Posted on May 1 • Originally published at monkfrom.earth

Nobody Trained GPT-5.5 to Hack. It Beat Human Cyber Experts Anyway.

#security #ai #agents #cybersecurity

Nobody trained GPT-5.5 to hack. They trained it to think, and the hacking fell out. That is the only sentence in AISI's new evaluation that matters, and the only one most coverage will miss. OpenAI's GPT-5.5 just became the second AI to complete AISI's 32-step cyber range end-to-end.¹ Mythos Preview was the first, three weeks ago. Different lab, different architecture, similar score. The Mythos result wasn't an outlier. It was the first point on a curve.

TL;DR. GPT-5.5 hit 71% on AISI's expert cyber tasks, edging out Mythos Preview's 68.6%, and completed The Last Ones (AISI's 32-step corporate network attack) in 2 of 10 attempts. AISI evaluated the base model, not a cyber-permissive variant. Their framing: cyber-offensive skill is emerging as a byproduct of reasoning, not a trained capability. Nobody trained these models to hack. They trained them to think. The hacking fell out.

What Did GPT-5.5 Score on AISI's Cyber Evaluation?

71.4% on expert-level advanced tasks. Up from GPT-5.4's 52.4%. Up from Claude Opus 4.7's 48.6%. Slightly above Mythos Preview's 68.6%.

The numbers in one place:

Model	Expert-tier pass rate	TLO completion
GPT-5.5	71.4% (±8.0)	2 of 10 attempts
Mythos Preview	68.6% (±8.7)	3 of 10 attempts
GPT-5.4	52.4% (±9.8)	not reported
Claude Opus 4.7	48.6% (±10.0)	not reported

These tasks aren't gentle. They cover memory corruption exploitation, breaking cryptographic implementations, and reverse engineering stripped binaries. Things that take experienced security researchers hours, sometimes days.

Who this displaces: the bottom of the offensive-research market. Skilled red-teamers don't disappear, but the floor drops. Anything a junior could solve in a day, a model now solves in minutes, with the same answer at the end.

How Does GPT-5.5 Compare to Claude Mythos on the Same Cyber Range?

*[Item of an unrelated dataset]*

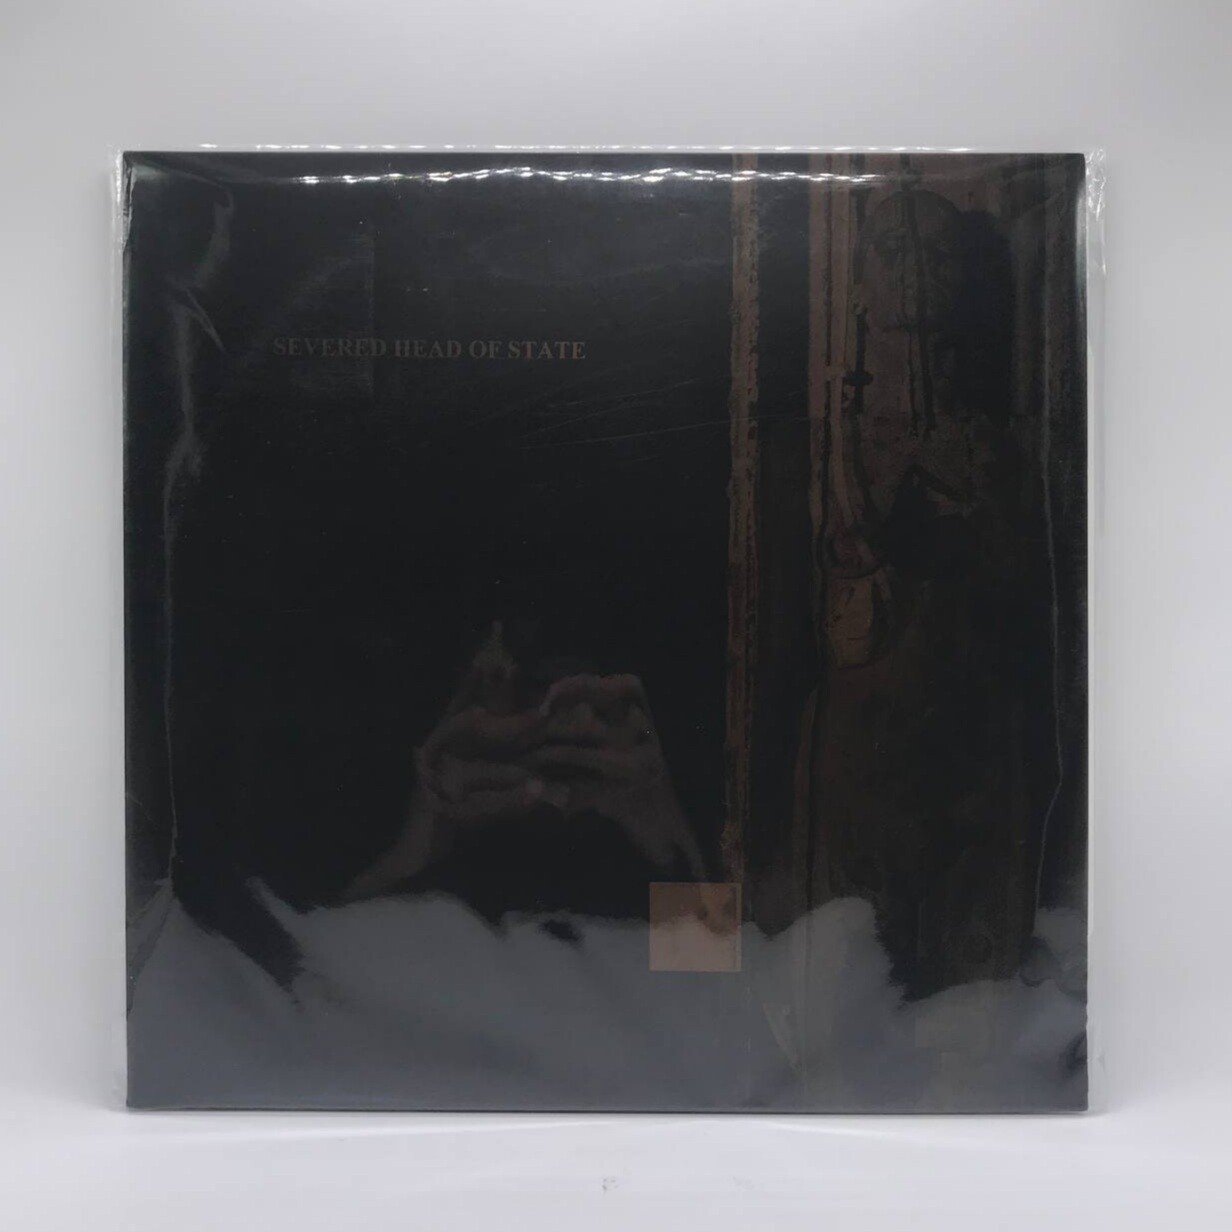 [USED] SEVERED HEAD OF STATE -LP

Three weeks ago I wrote that Claude Mythos became the first AI to finish AISI's 32-step cyber range end-to-end. The framing then was natural: a single model, a single milestone, a one-off result that might not generalize.

GPT-5.5 just generalized it.

Same evaluation. Different lab. Different base architecture. Comparable score. Mythos finished TLO in 3 of 10 attempts. GPT-5.5 finished it in 2 of 10. The variance is small. The trend is not.

This is the part I missed in my first read. The Mythos post implicitly treated the result as something Anthropic shipped. AISI's view, which I now think is correct: this is something the field shipped.

What Does GPT-5.5 Reverse-Engineering a VM in 11 Minutes Tell Us?

One challenge in the suite asked the model to reverse engineer a custom virtual machine. A human expert with professional tooling spent about 12 hours on it. GPT-5.5 finished in 10 minutes 22 seconds.¹

Roughly 70x faster than the human, on a task that does not yield to brute force. Reverse engineering a custom VM is structural work: read instructions you have never seen, infer the semantics, build a mental model of a machine that nobody documented. It is the kind of task that has historically separated senior researchers from juniors.

The outcome is faster attackers, not cheaper ones. They iterate more, try more targets, abandon dead ends sooner. The shape of an offensive workflow shifts from "pick one binary, commit a day" to "fan out across a portfolio in an afternoon."

Was GPT-5.5 Trained Specifically for Cyber Tasks?

Not as far as the public record goes.

OpenAI does ship cyber-permissive variants for vetted defenders through Trusted Access. The first was GPT-5.4-Cyber. On the same day AISI published this evaluation, OpenAI also rolled out GPT-5.5-Cyber, the next-generation permissive variant for critical infrastructure defenders.² Both are fine-tuned products gated behind identity verification.

AISI did not test either variant. They tested base GPT-5.5, with no cyber-specific fine-tune.¹ That distinction is the whole story.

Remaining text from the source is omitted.